[Exercise objective]: Copy the data that follows exactly as it is, excluding all pictures.

[Given information]:
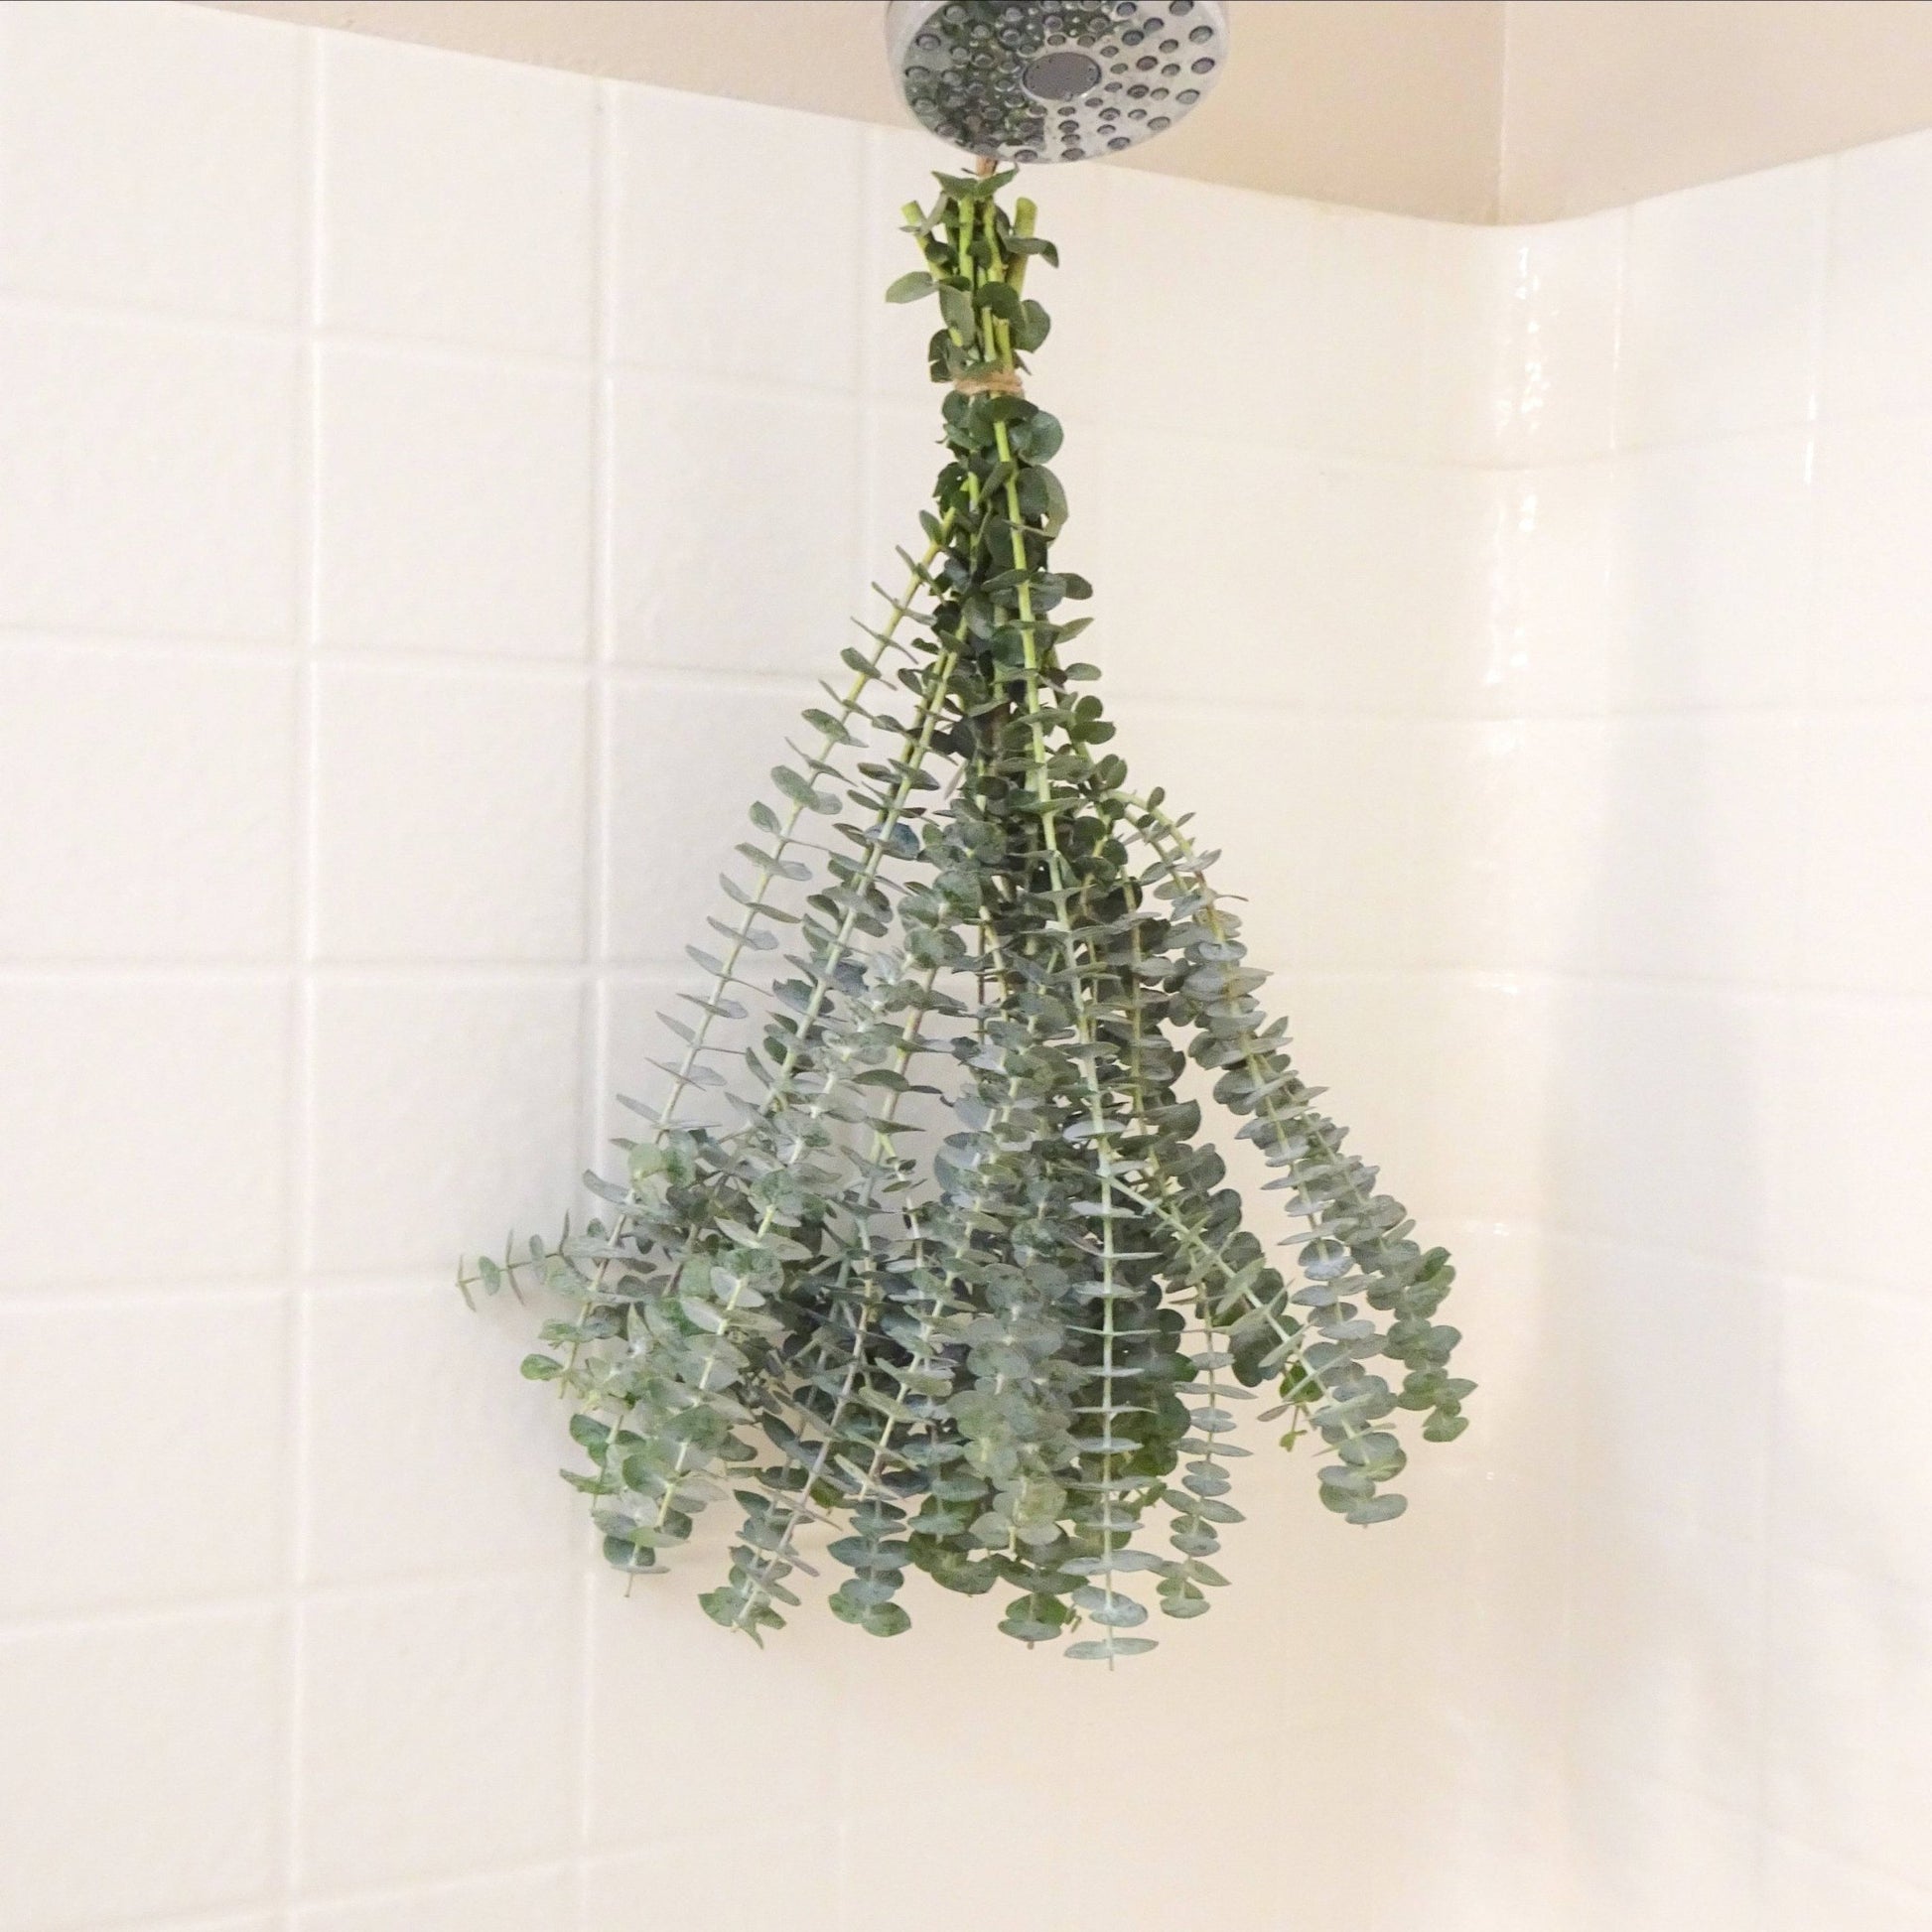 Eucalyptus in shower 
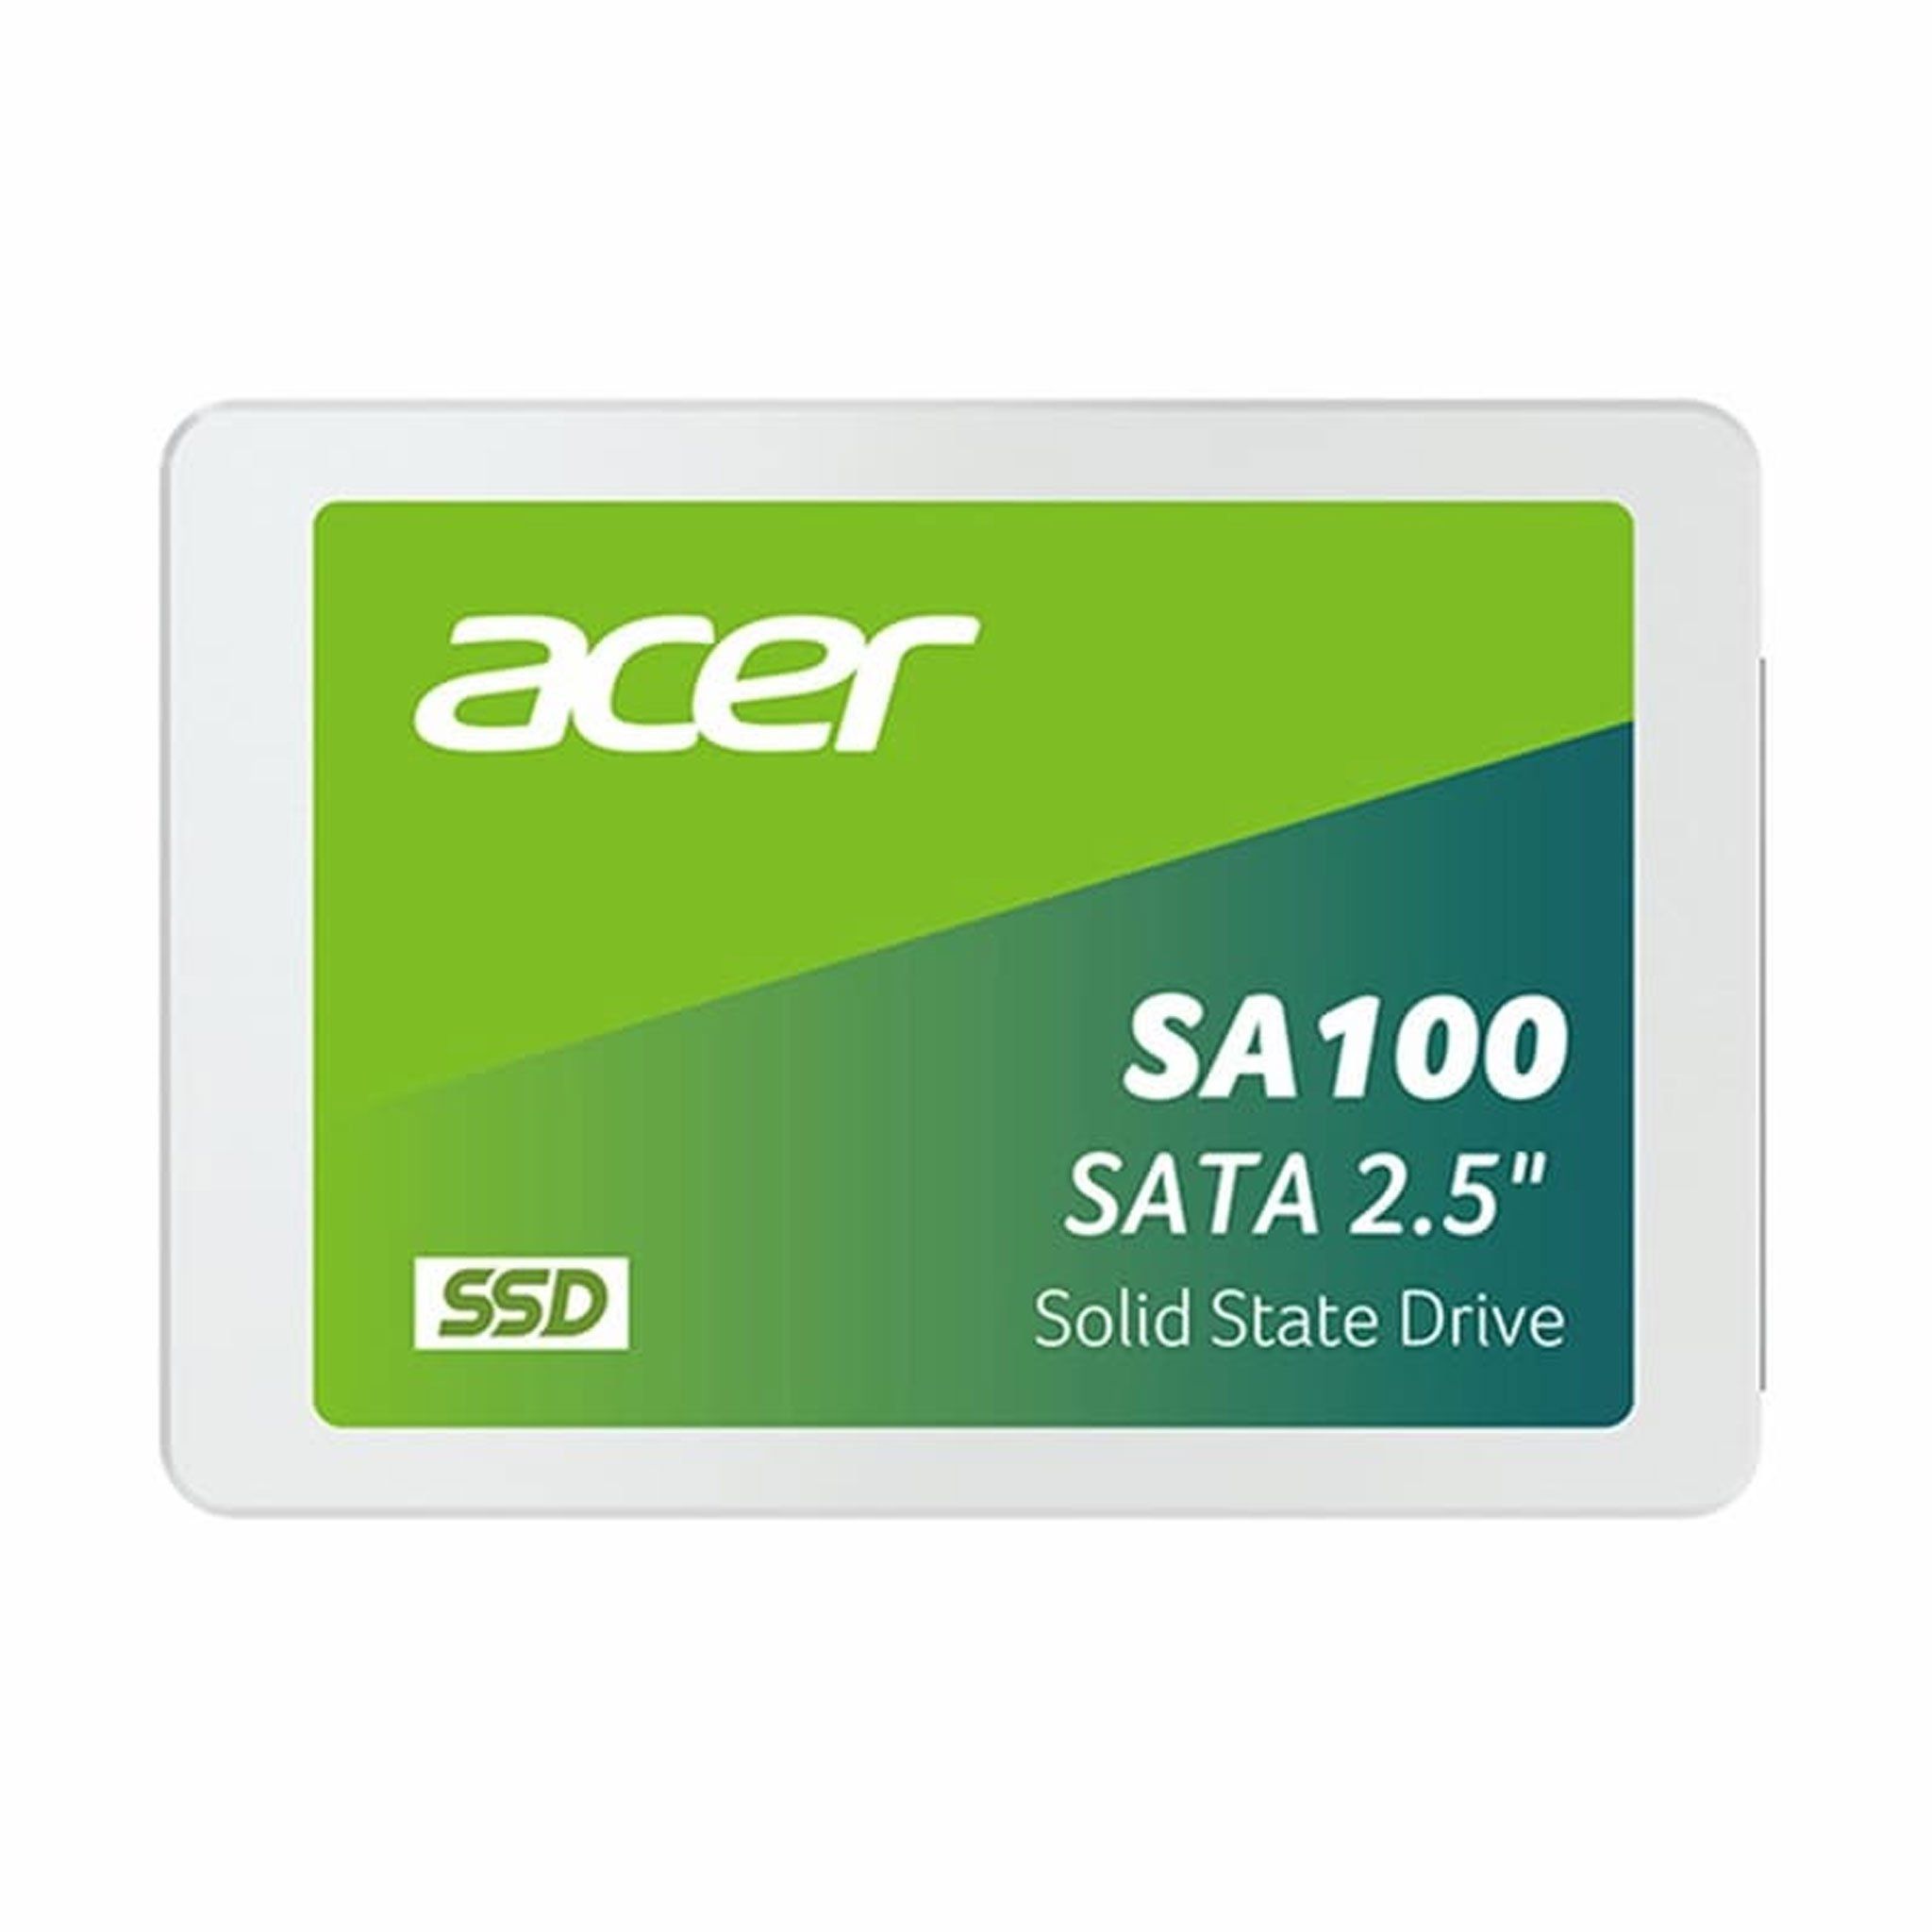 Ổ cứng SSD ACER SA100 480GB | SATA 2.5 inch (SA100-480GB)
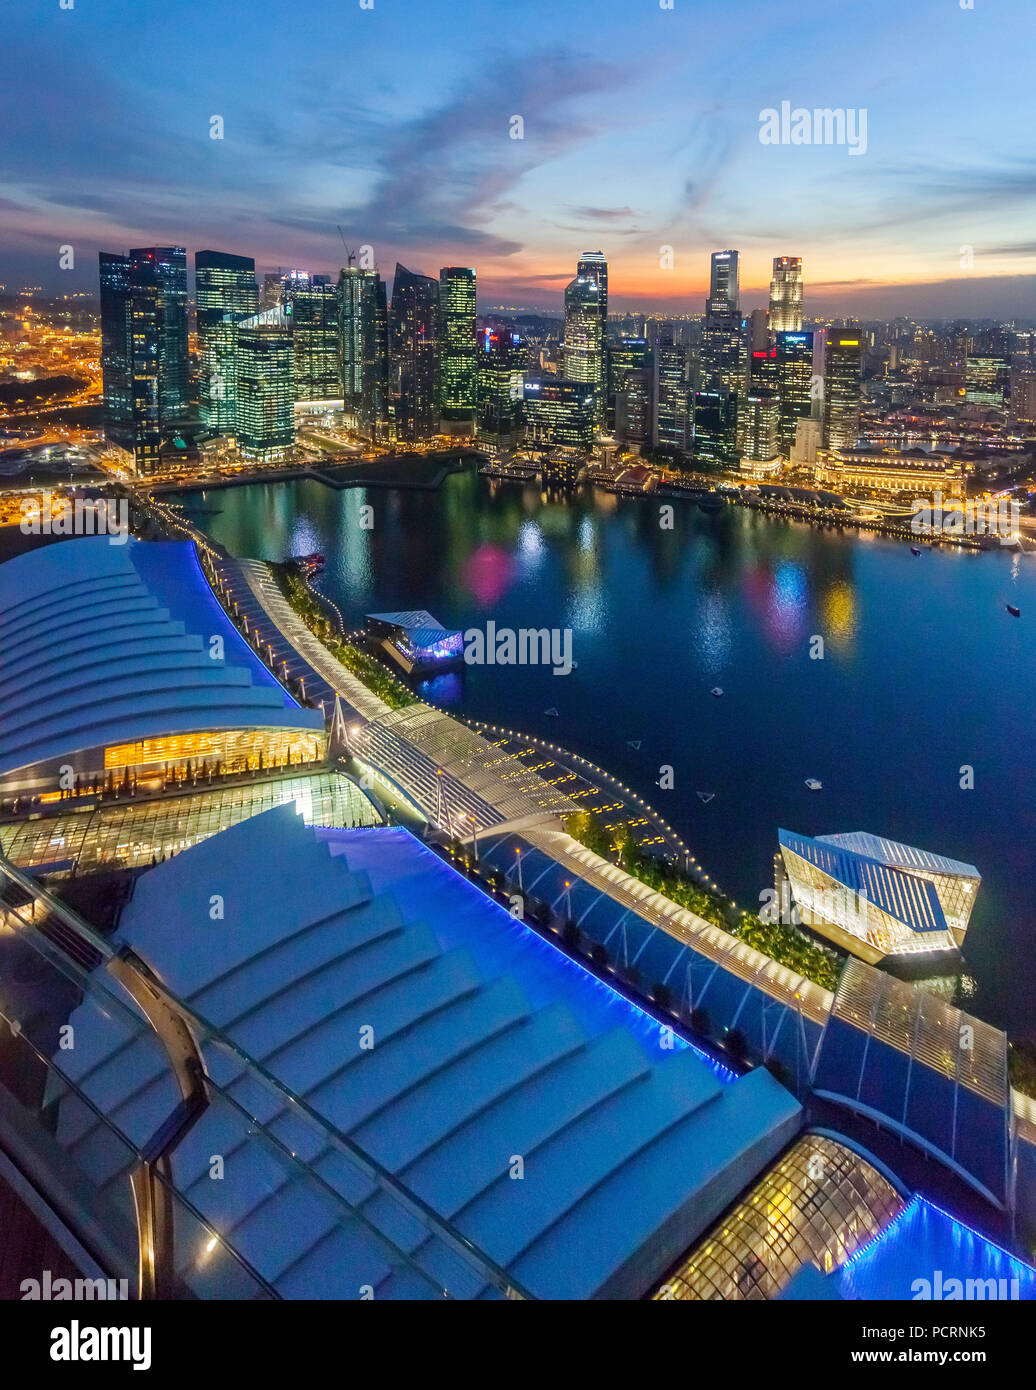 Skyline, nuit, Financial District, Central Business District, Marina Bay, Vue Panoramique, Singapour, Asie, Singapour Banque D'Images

[Answer for the task]:
 Eucalyptus in shower 
 Ổ cứng SSD ACER SA100 480GB | SATA 2.5 inch (SA100-480GB)
 Skyline, nuit, Financial District, Central Business District, Marina Bay, Vue Panoramique, Singapour, Asie, Singapour Banque D'Images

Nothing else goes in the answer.